Of course, since it's all in the 16KB of ROM, it makes sense that the code tries to be as compact as possible, but the cost is real, and in our own routines we can gain a humongous amount of time by using tables instead of computations.

A C equivalent

An actual equivalent in C language would be the following:

char CURSET(unsigned char x, unsigned char y, unsigned char fb)
{
if (fb >= 4) return 1;
if (x >= 240) return 1;
if (y >= 200) return 1;

{
int div6 = (x / 6);
int mod6 = x-(div6*6);
unsigned char bit_mask = (32 >> mod6);
int address = 0xa000 + div6 + (y*40);

unsigned char value = peek(address);
if (fb == 0) value &= ~bit_mask;
else
if (fb == 1) value |= bit_mask;
else
if (fb == 2) value ^= bit_mask;
poke(address, value);
}
return 0;
}

Let's test this C version against the BASIC ROM routine!

BASIC curset vs C curset
BASIC curset vs C curset

Ouch, 304 hundreds of a second vs 612, this means our C routine is about two times slower than the ROM routine!

Let's optimize!

Maybe we can improve the code a bit, like for example by removing the things we don't need: We are drawing pixels, so FB is always set to 1, and we don't use the return value anyway.

Here is our new version:

void CURSET(unsigned char x, unsigned char y)
{
if (x >= 240) return;
if (y >= 200) return;

{
int div6 = (x / 6);
int mod6 = x-(div6*6);
unsigned char bit_mask = (32 >> mod6);
int address = 0xa000 + div6 + (y*40);
unsigned char value = peek(address);
poke(address, value | bit_mask);
}
}

The results?

Well, we still have 304 for the BASIC obviously, but the C version is now down to 576.

Still some way to go.

We don't need to check if the coordinates are valid, and instead of peek and poke we can just use pointer arithmetic directly.
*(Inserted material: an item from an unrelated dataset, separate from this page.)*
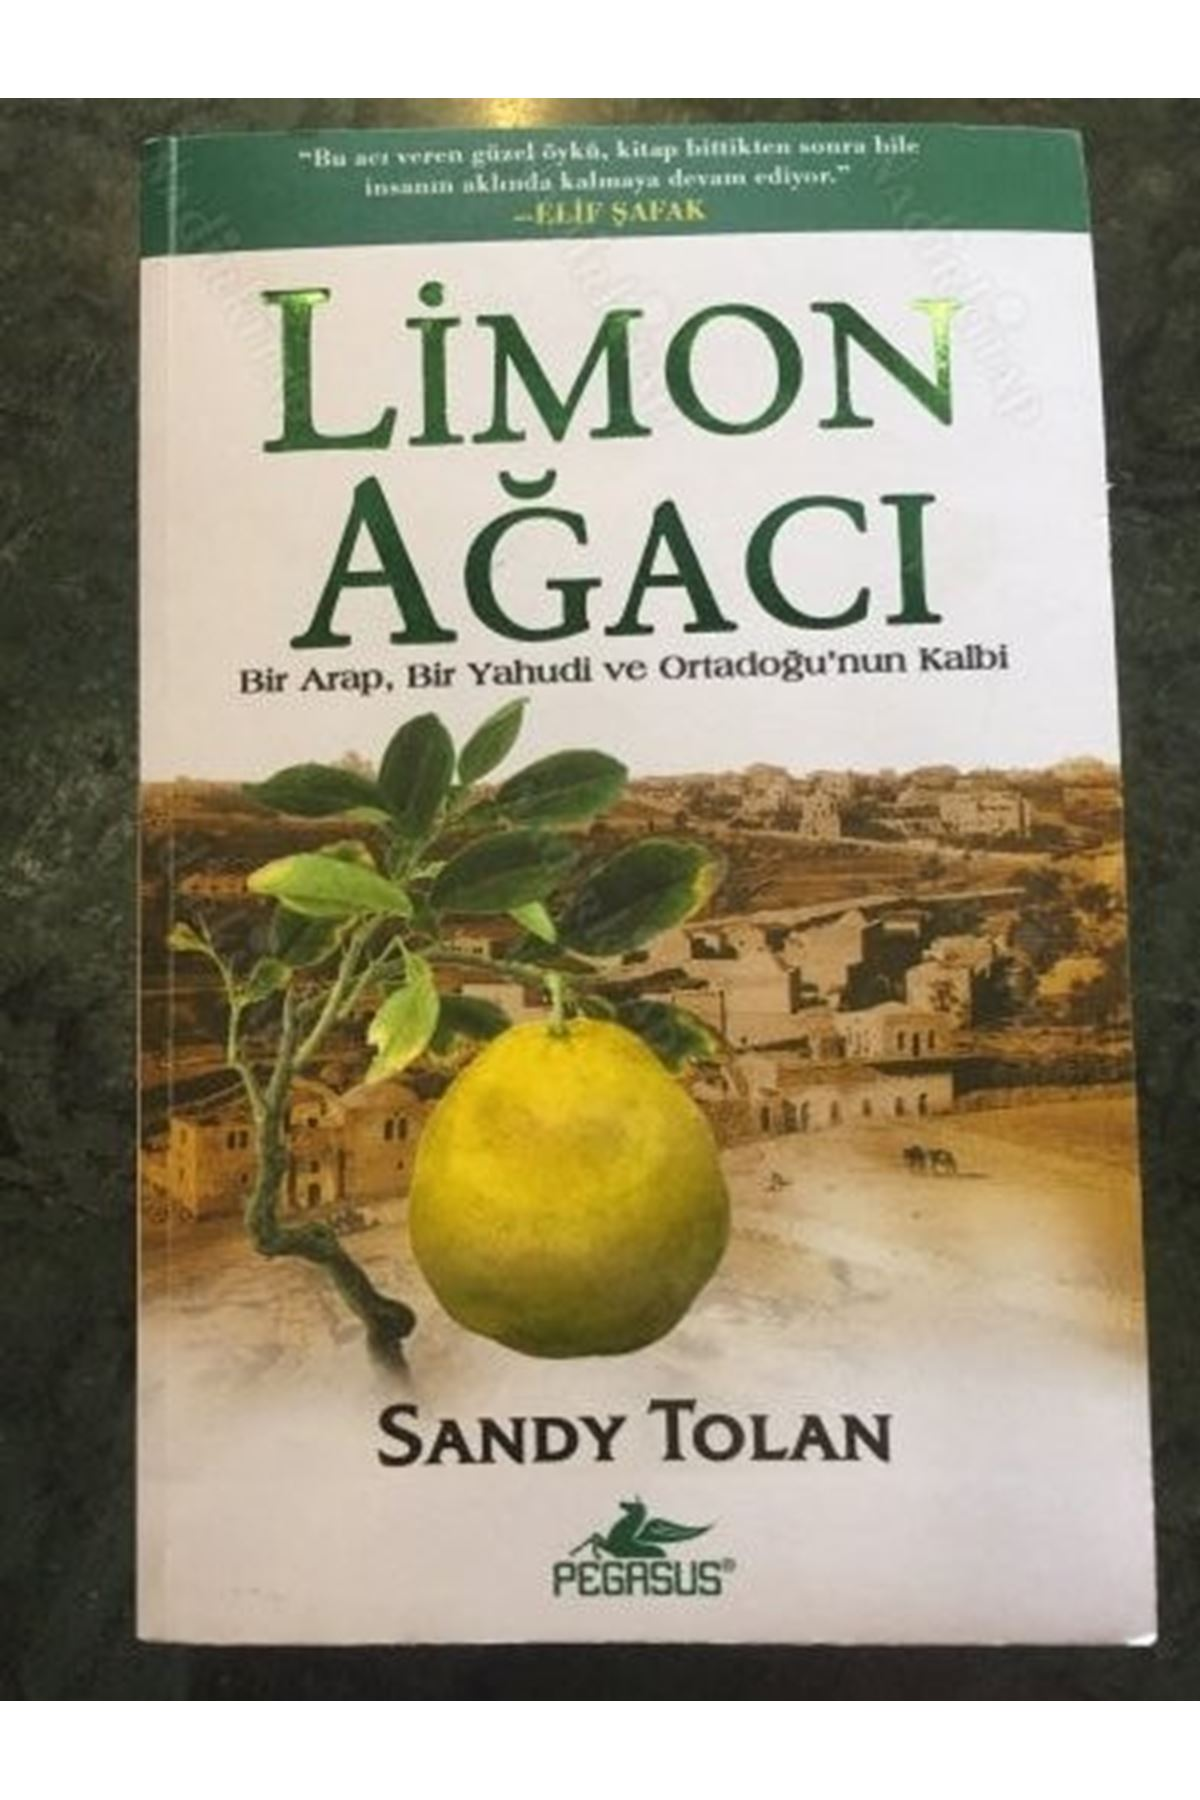 SANDY TOLAN - LİMON AĞACI
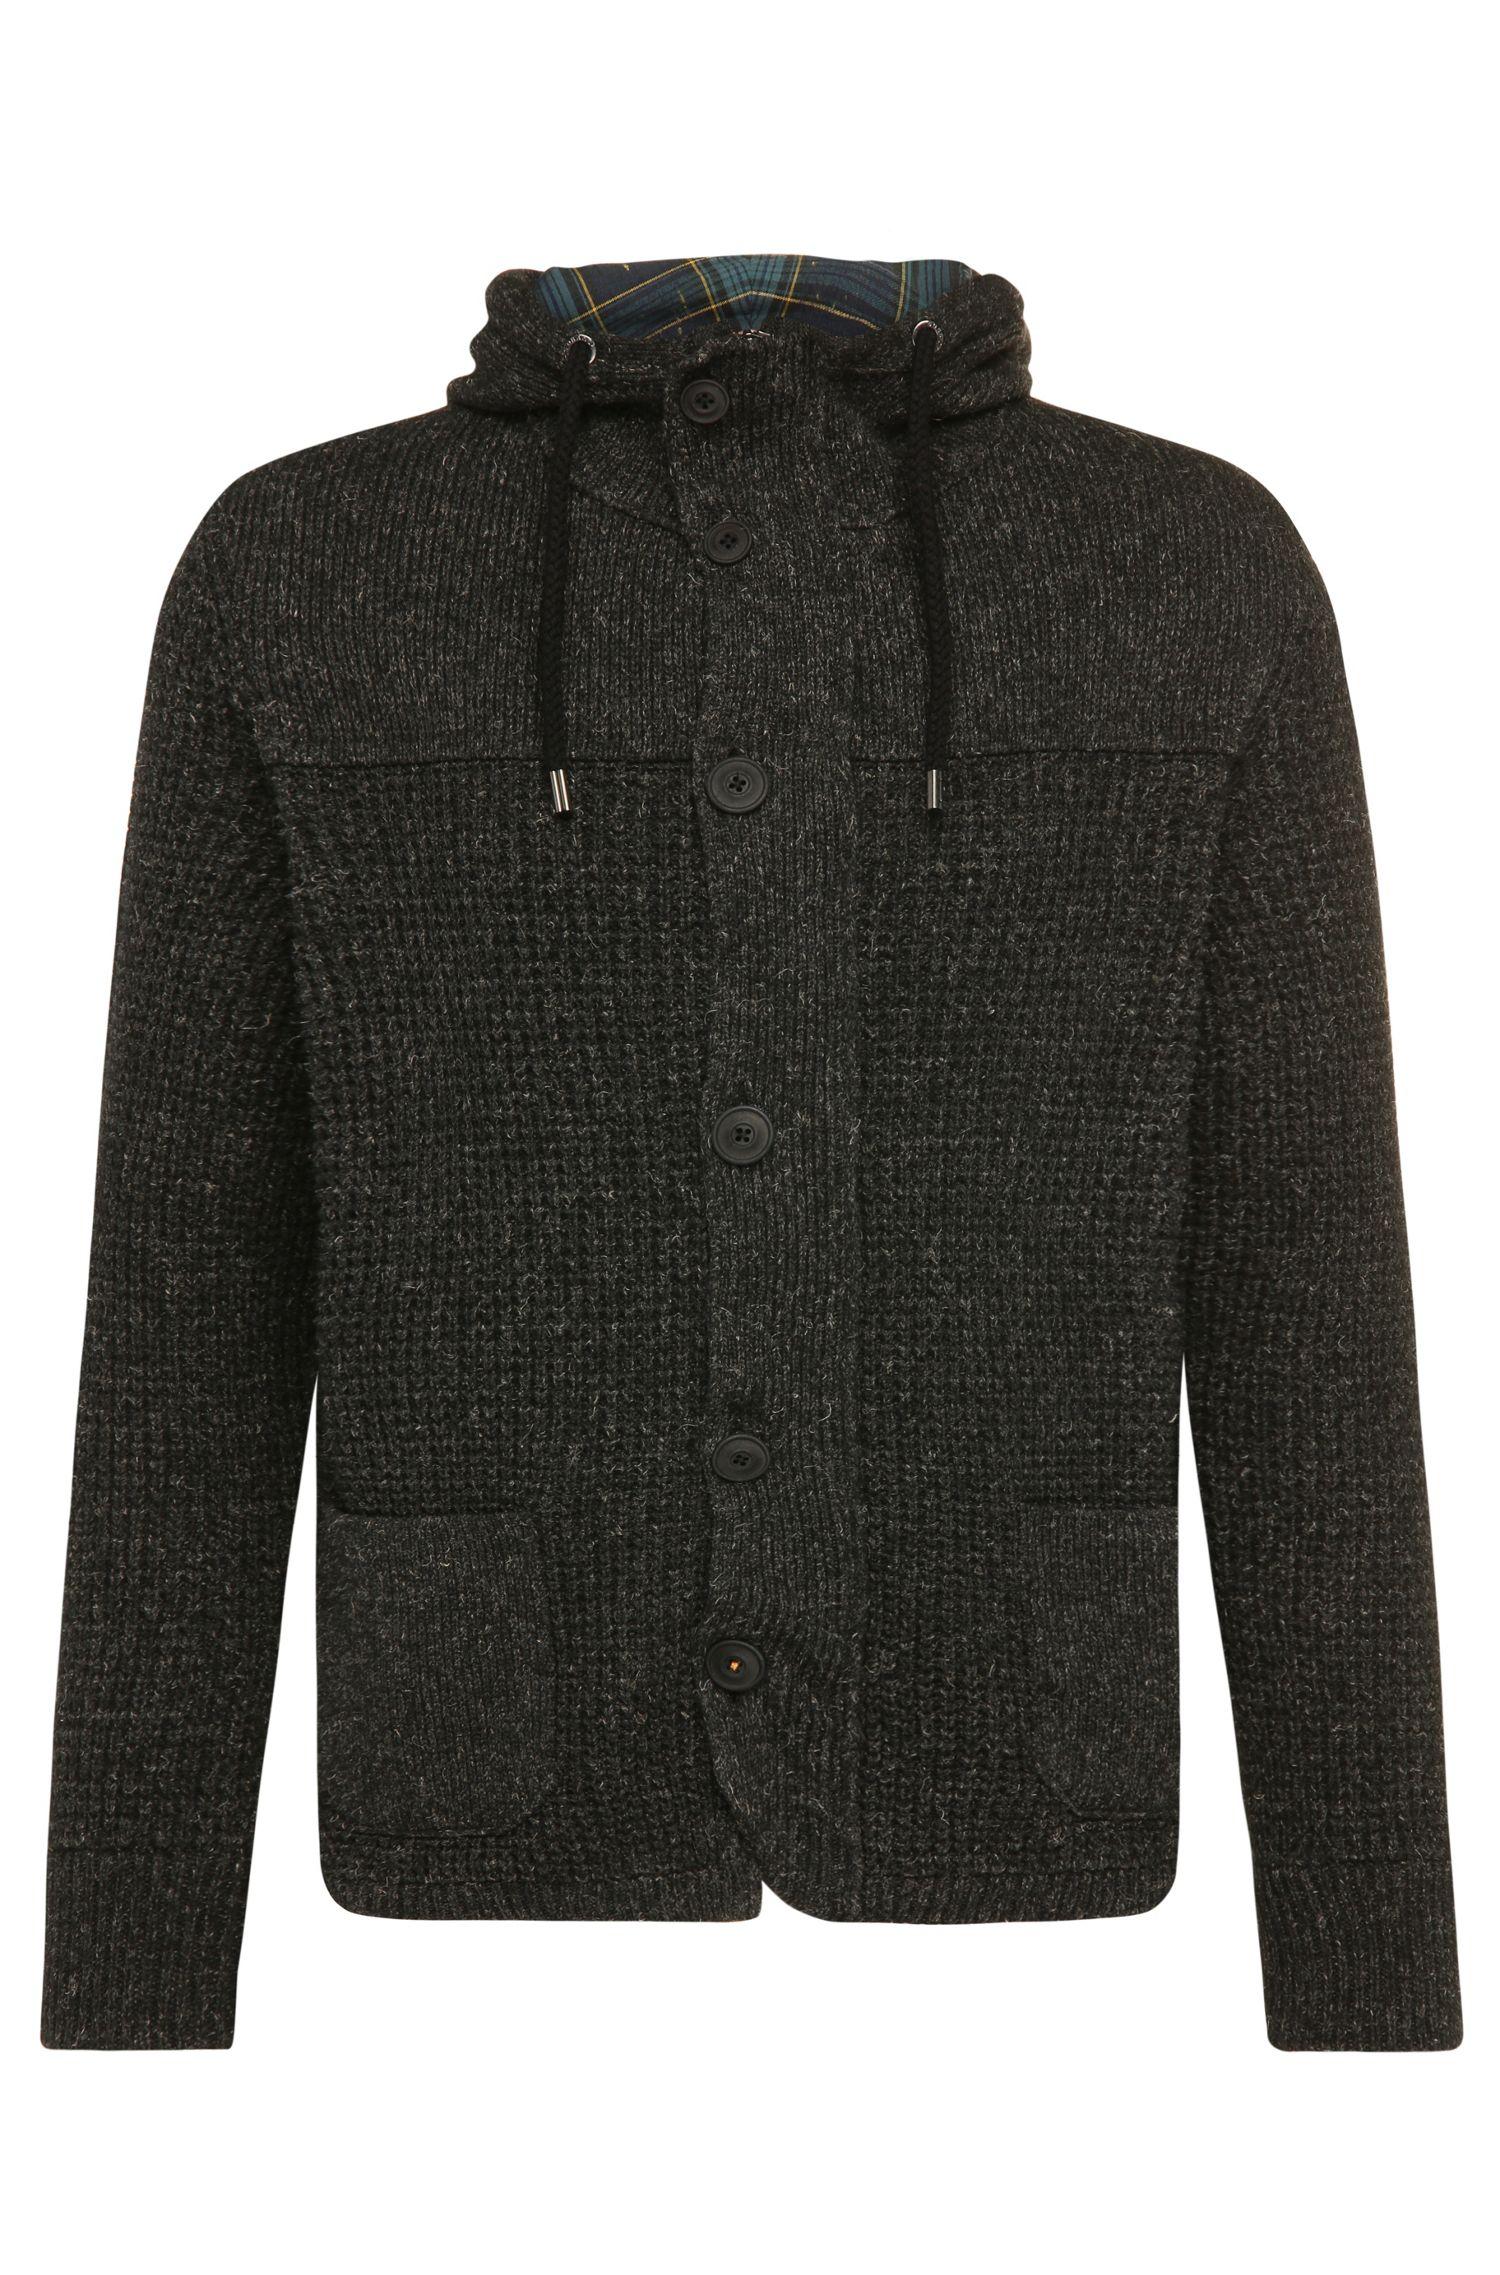 'Korpa' | Wool Linen Blend Hooded Cardigan

void CURSET(unsigned char x, unsigned char y)
{
int div6 = (x / 6);
int mod6 = x-(div6*6);
unsigned char bit_mask = (32 >> mod6);
unsigned char* address = (unsigned char*)0xa000 + div6 + (y*40);
*address |= bit_mask;
}

The C version is now down to 548.

We do not actually need to have a function, so instead we can make it a macro, which will remove the parameters passing.

#define CURSET(x,y) \
{ \
int div6 = (x / 6); \
int mod6 = x-(div6*6); \
unsigned char bit_mask = (32 >> mod6); \
unsigned char* address = (unsigned char*)0xa000 + div6 + (y*40); \
*address |= bit_mask; \
}

This brings us down to 447.

At this point, we can look at the generated code (in TMP/linked.s) where most of the time7 is spent in the divide and multiply routines:

// div6 = (x / 6)
lda reg0 : sta tmp0 : lda reg0+1 : sta tmp0+1
lda tmp0 : sta op1 : lda tmp0+1 : sta op1+1
lda #<6 : sta op2 : lda #>6 : sta op2+1
jsr div16i : stx tmp0 : sta tmp0+1

// mod6 = x-(div6*6)
lda tmp0 : sta reg2 : lda tmp0+1 : sta reg2+1
lda reg0 : sta tmp0 : lda reg0+1 : sta tmp0+1
lda reg2 : sta tmp1 : lda reg2+1 : sta tmp1+1
lda #<6 : sta op1 : lda #>6 : sta op1+1
lda tmp1 : sta op2 : lda tmp1+1 : sta op2+1 :
jsr mul16i : stx tmp1 : sta tmp1+1

// bit_mask = (32 >> mod6)
sec : lda tmp0 : sbc tmp1 : sta tmp0
lda tmp0+1 : sbc tmp1+1 : sta tmp0+1
lda tmp0 : sta reg3 : lda tmp0+1 : sta reg3+1
lda reg3 : sta tmp0 : lda reg3+1 : sta tmp0+1
lda #<32 : sta tmp : lda #>32 : ldx tmp0 : beq *+8 : lsr : ror tmp : dex : bne *-4
ldx tmp : stx tmp0 : sta tmp0+1

// address = (unsigned char*)0xa000 + div6 + (y*40)
lda tmp0 : sta reg4
lda reg1 : sta tmp0 : lda reg1+1 : sta tmp0+1
lda #<40 : sta op1 : lda #>40 : sta op1+1 : lda tmp0 : sta op2 : lda tmp0+1 : sta op2+1
jsr mul16i : stx tmp0 : sta tmp0+1
lda reg2 : sta tmp1 : lda reg2+1 : sta tmp1+1
clc : lda #<$a000 : adc tmp1 : sta tmp1 : lda #>$a000 : adc tmp1+1 : sta tmp1+1
clc : lda tmp0 : adc tmp1 : sta tmp0 : lda tmp0+1 : adc tmp1+1 : sta tmp0+1
lda tmp0 : sta reg5 : lda tmp0+1 : sta reg5+1
lda reg5 : sta tmp0 : lda reg5+1 : sta tmp0+1

// *address |= bit_mask
ldy #0 : lda (tmp0),y : sta tmp1
lda tmp1 : sta tmp1 : lda #0 : sta tmp1+1
lda reg4 : sta tmp2
lda tmp2 : sta tmp2 : lda #0 : sta tmp2+1
lda tmp1 : ora tmp2 : sta tmp1 : lda tmp1+1 : ora tmp2+1 : sta tmp1+1
ldy #0 : lda tmp1 : sta (tmp0),y

So, what can we do to improve this mess?

Well, considering the Oric does not have any faster way to compute a divide or a multiply, the usual solution is to use tables, in this case we need three:
  • A table for Y multiplied by 40 (to access the right scanline)
  • A table for X divided by 6 (to find the right byte on the scanline)
  • A table for X modulo 6 (to get the bit position in the byte)
Let's do that.

My bytes have 6 bits!

One of the peculiarities of the Oric, is that there are only 6 pixels in each of the bytes of the screen8, and a consequence of that is that we end-up having to deal with the number six, which is not a power of two, so you can't just shift around to find where to draw a pixel.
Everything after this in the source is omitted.